===== INPUT RECORDS =====

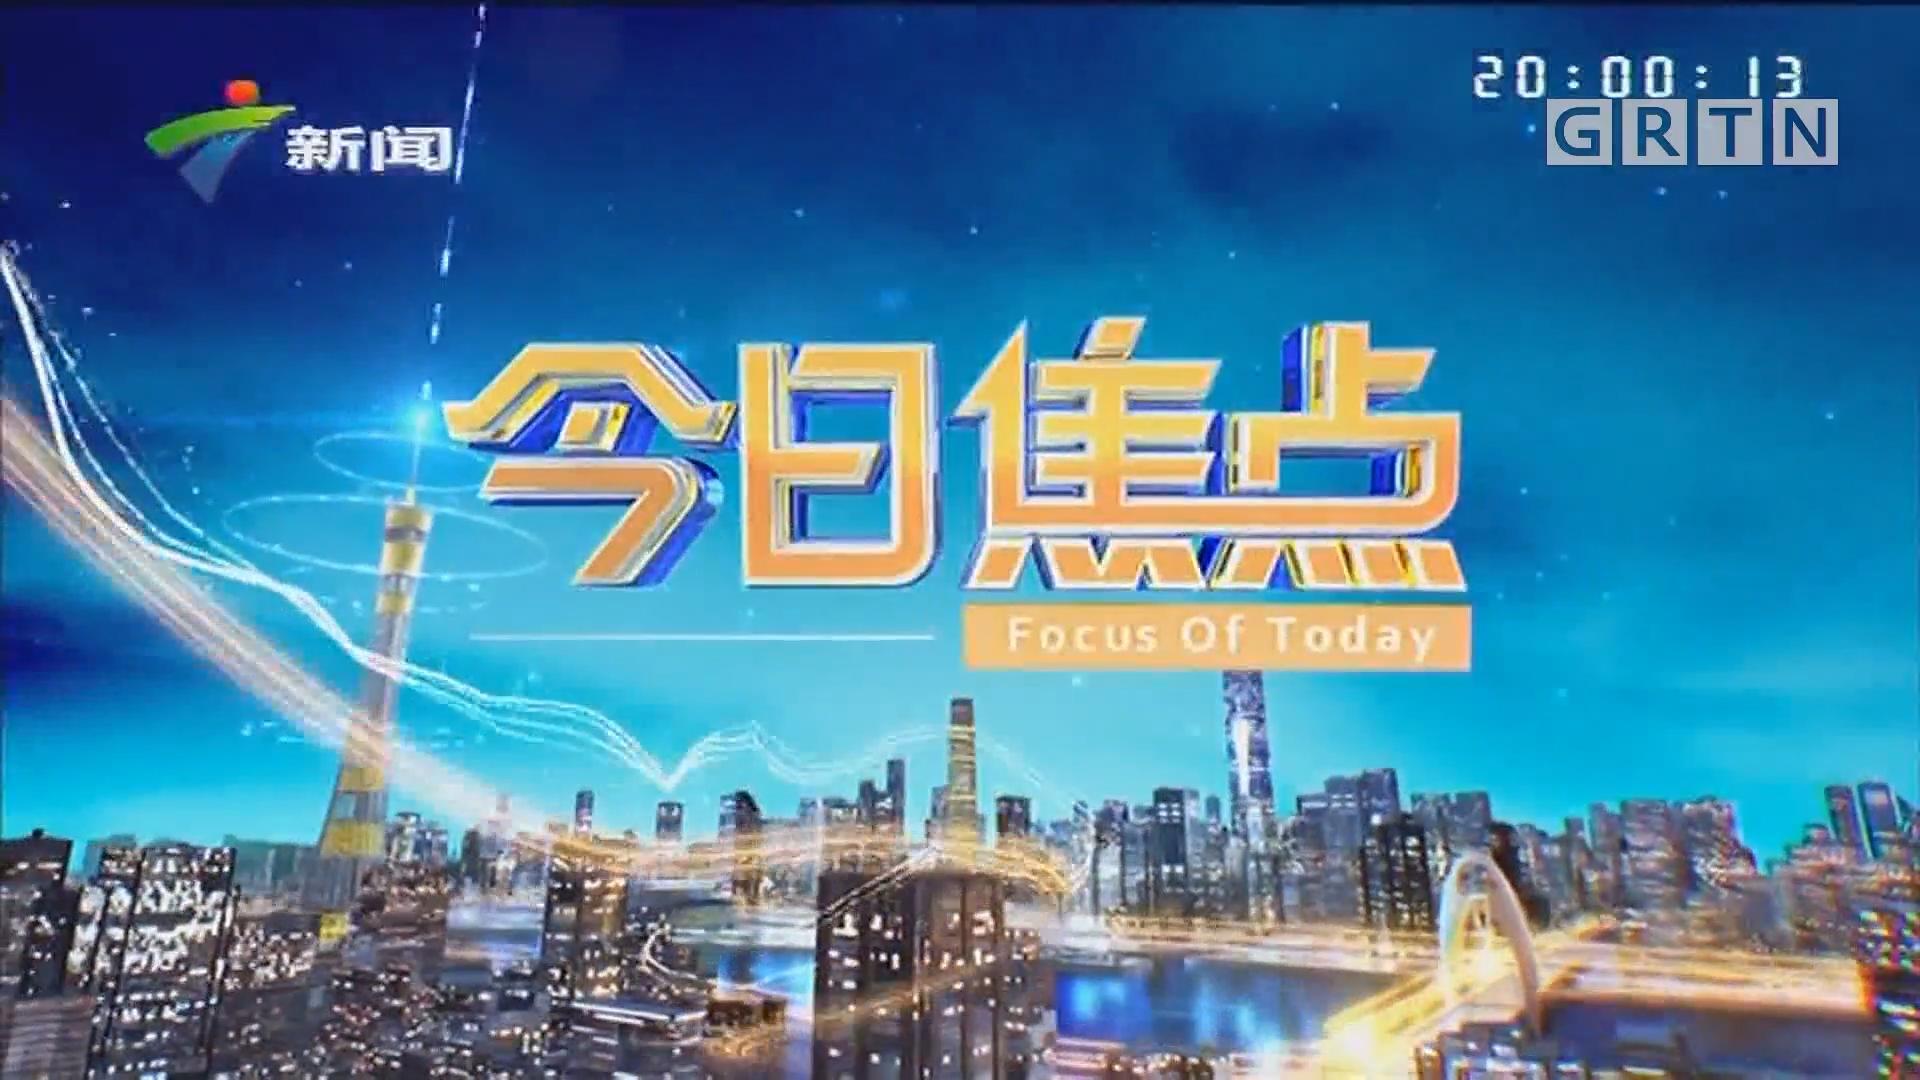 """[HD][2019-09-10]今日焦点:广州:""""羊城天盾-2019"""" 城市人民防空演习本月21日举行"""
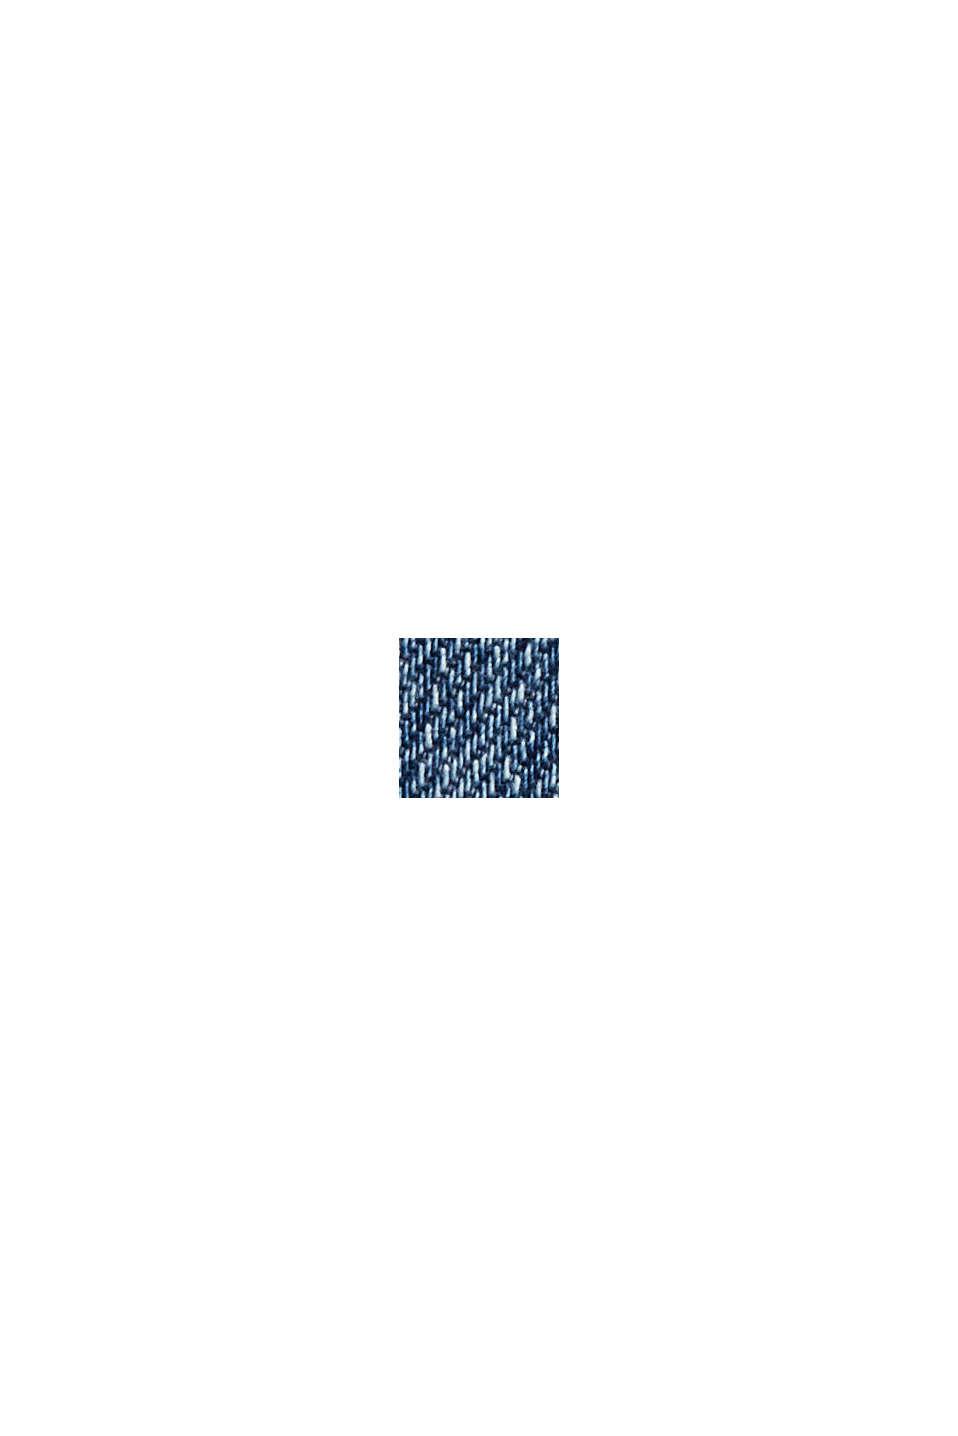 Trendjeans med læg under linningen, økobomuld, BLUE MEDIUM WASHED, swatch
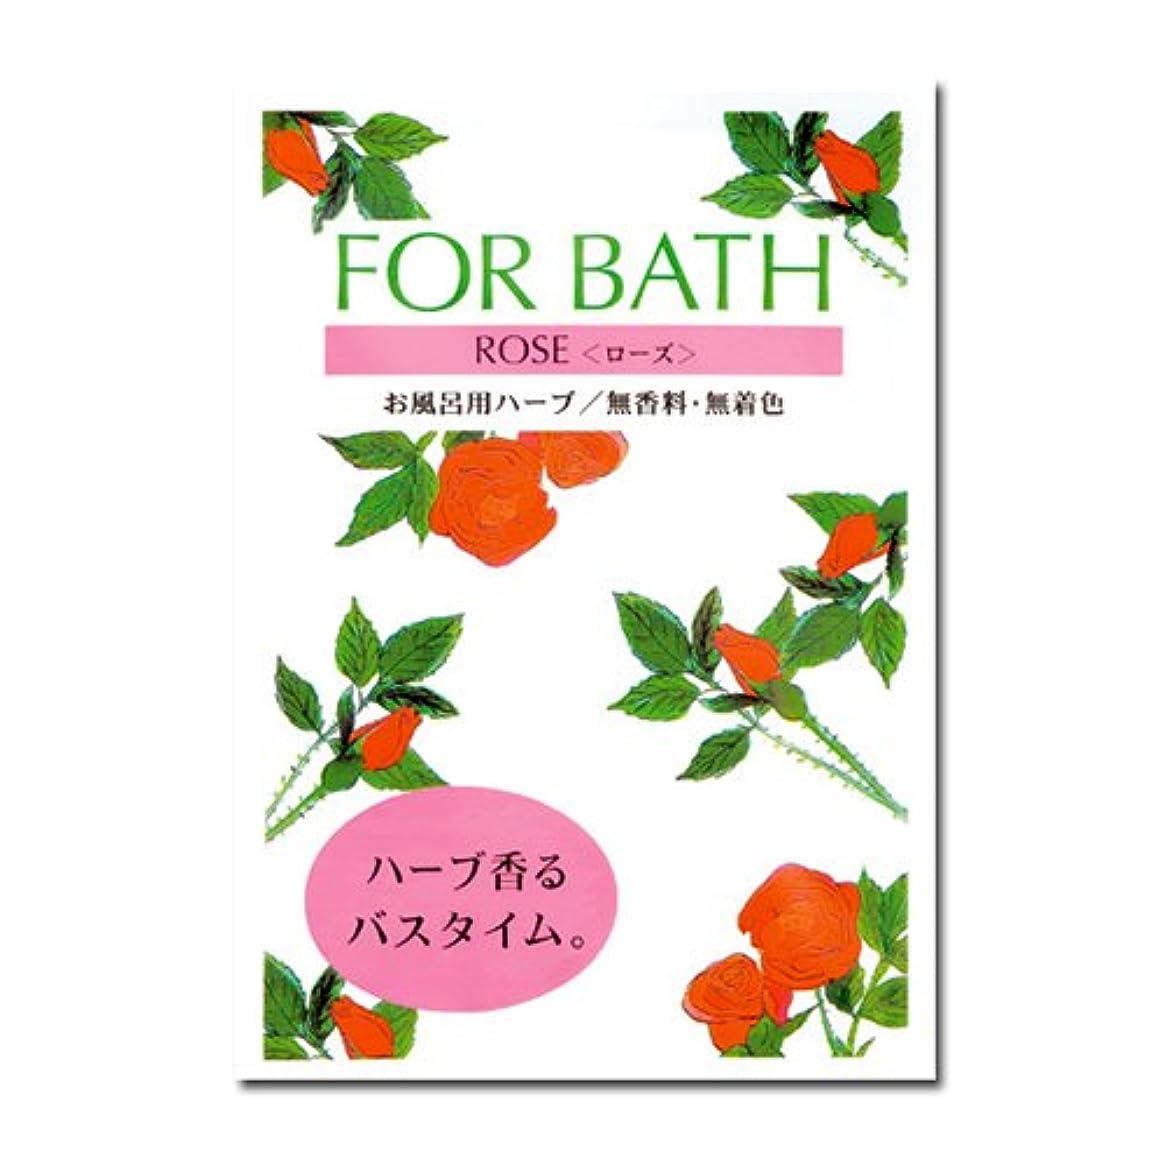 領収書特異性いっぱいフォアバス ローズx30袋[フォアバス/入浴剤/ハーブ]
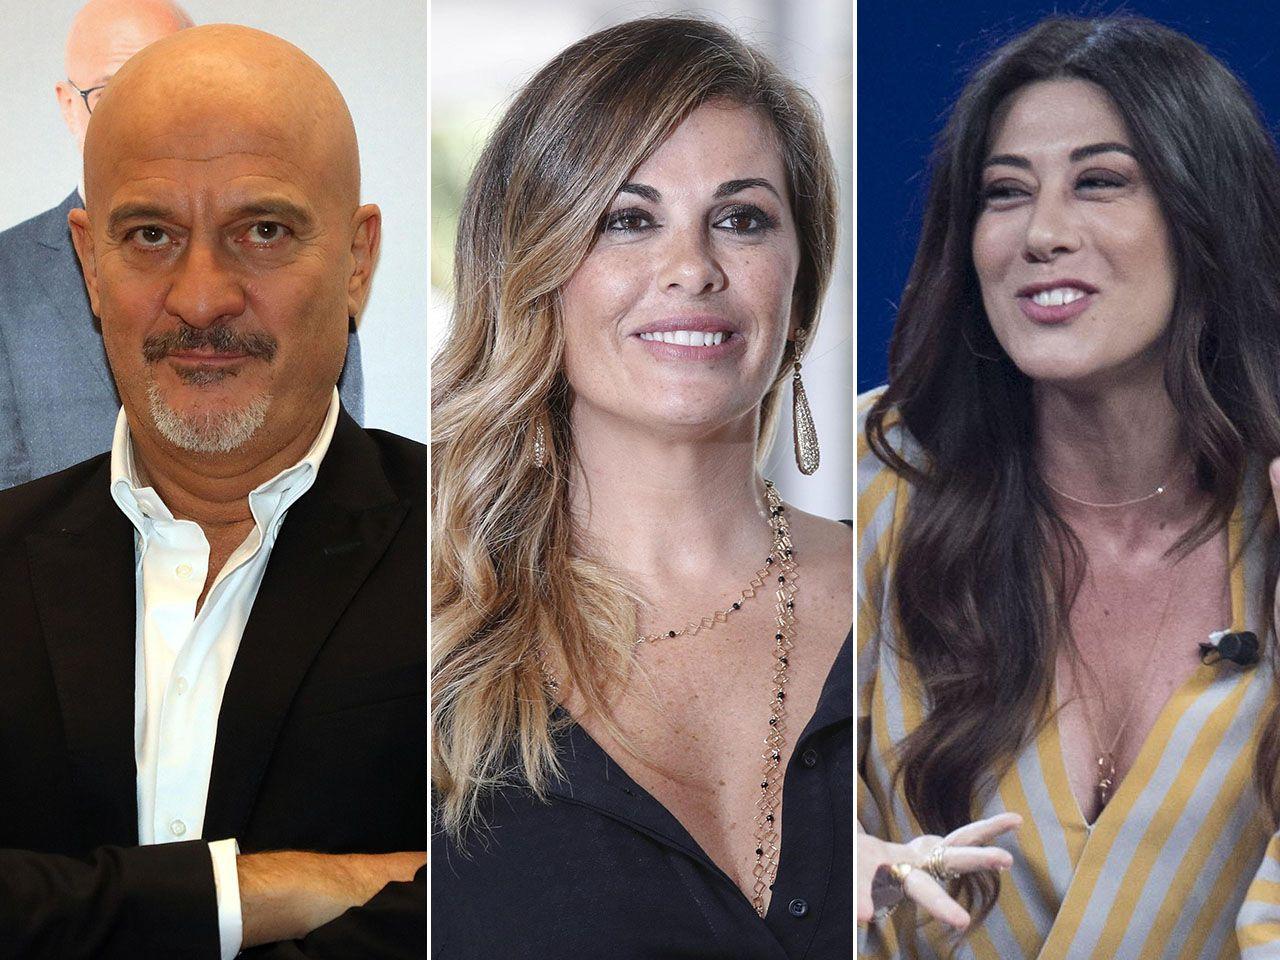 Sanremo 2019: conduzione a tre con Claudio Bisio, Vanessa Incontrada e Virginia Raffaele?
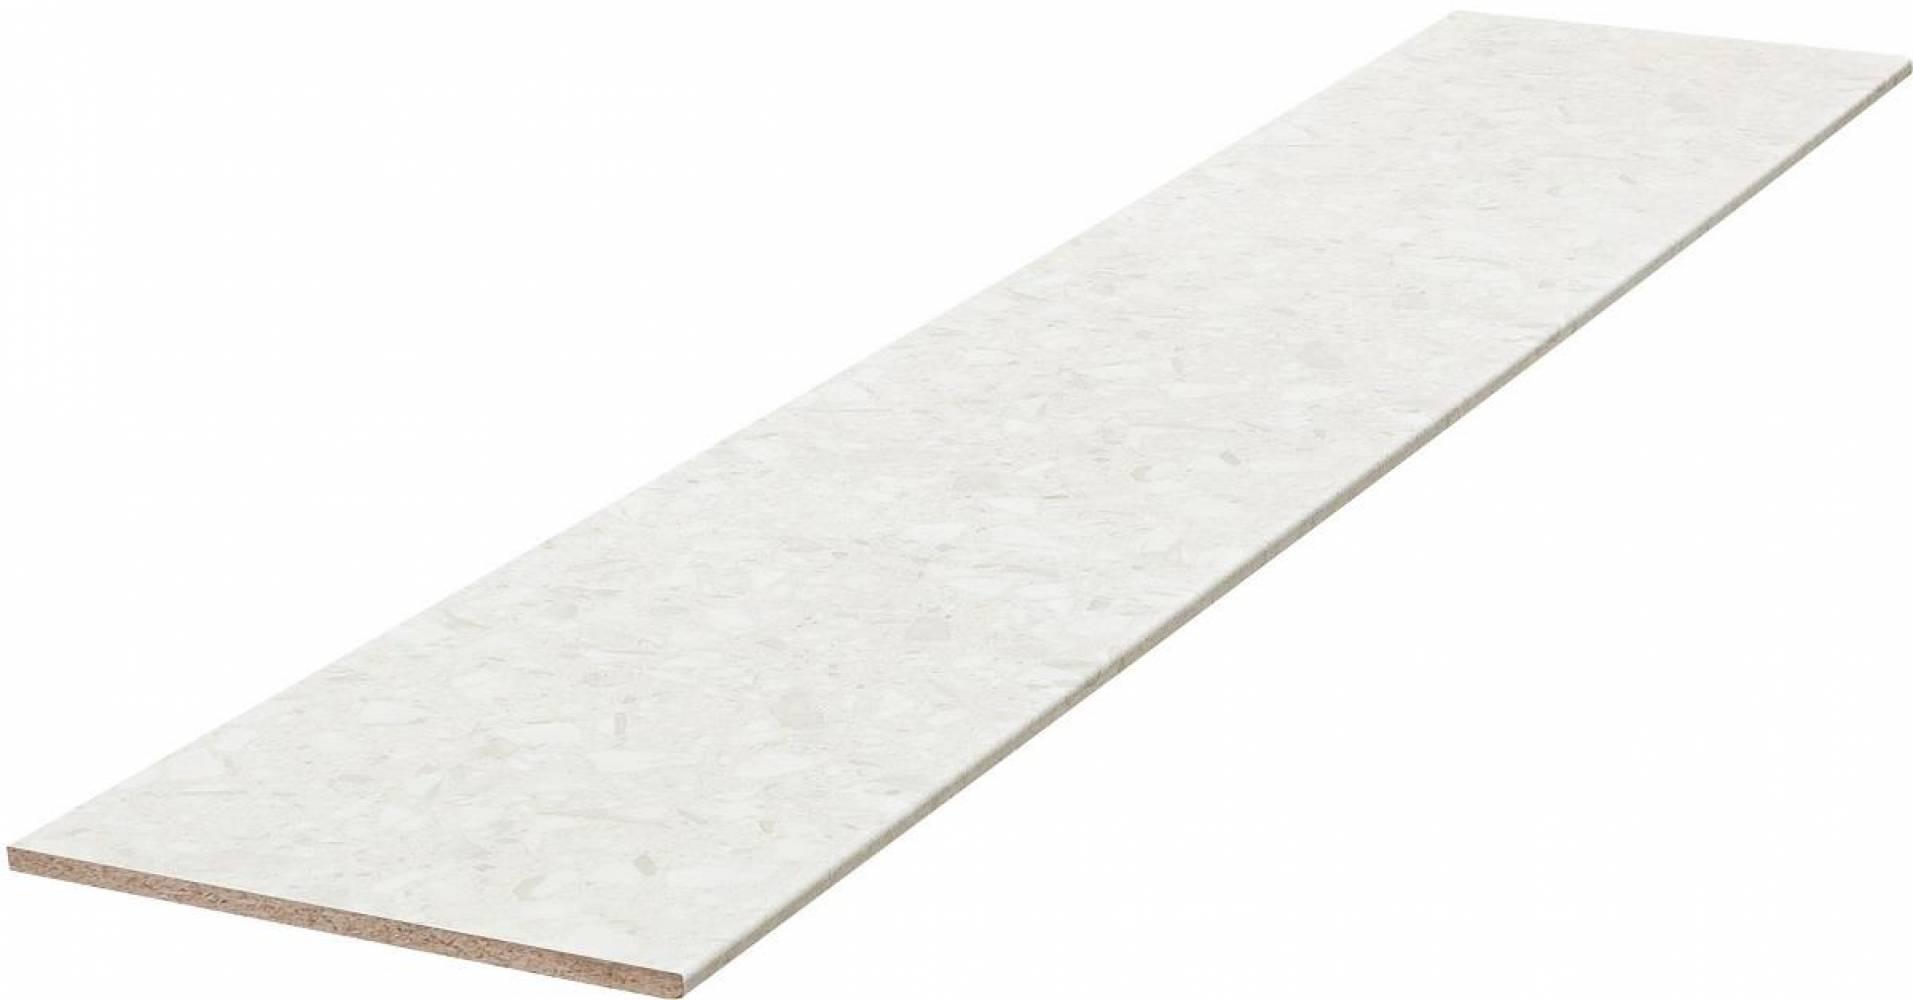 Стеновая панель № 228 Калаката (белые камешки) Матовая Скиф
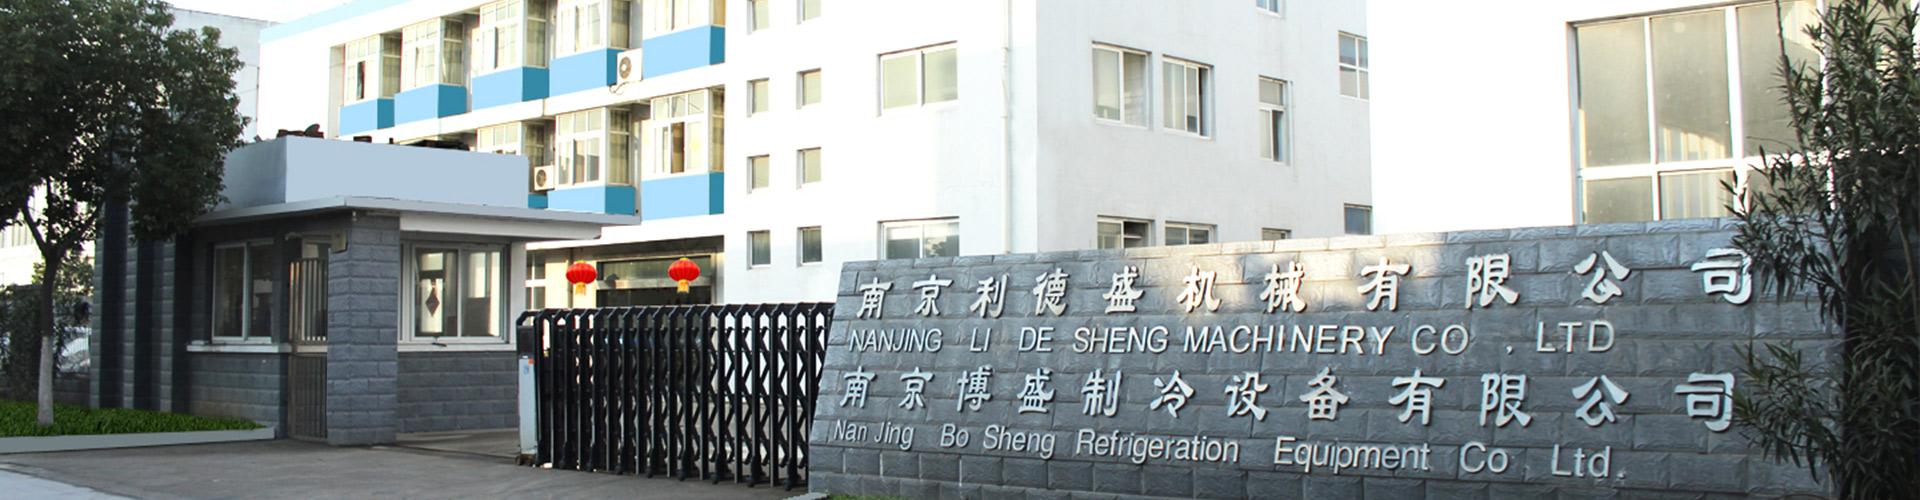 南京博盛制冷设备有限公司厂景介绍图片

=====

* _PROBLEM REQUIREMENTS_
Starting at the line that contains "Стеновая панель №" and ending with the last line of the data, transcribe every line exactly; skip the pictures.

* _TASK SOLUTION_
 Стеновая панель № 228 Калаката (белые камешки) Матовая Скиф
 南京博盛制冷设备有限公司厂景介绍图片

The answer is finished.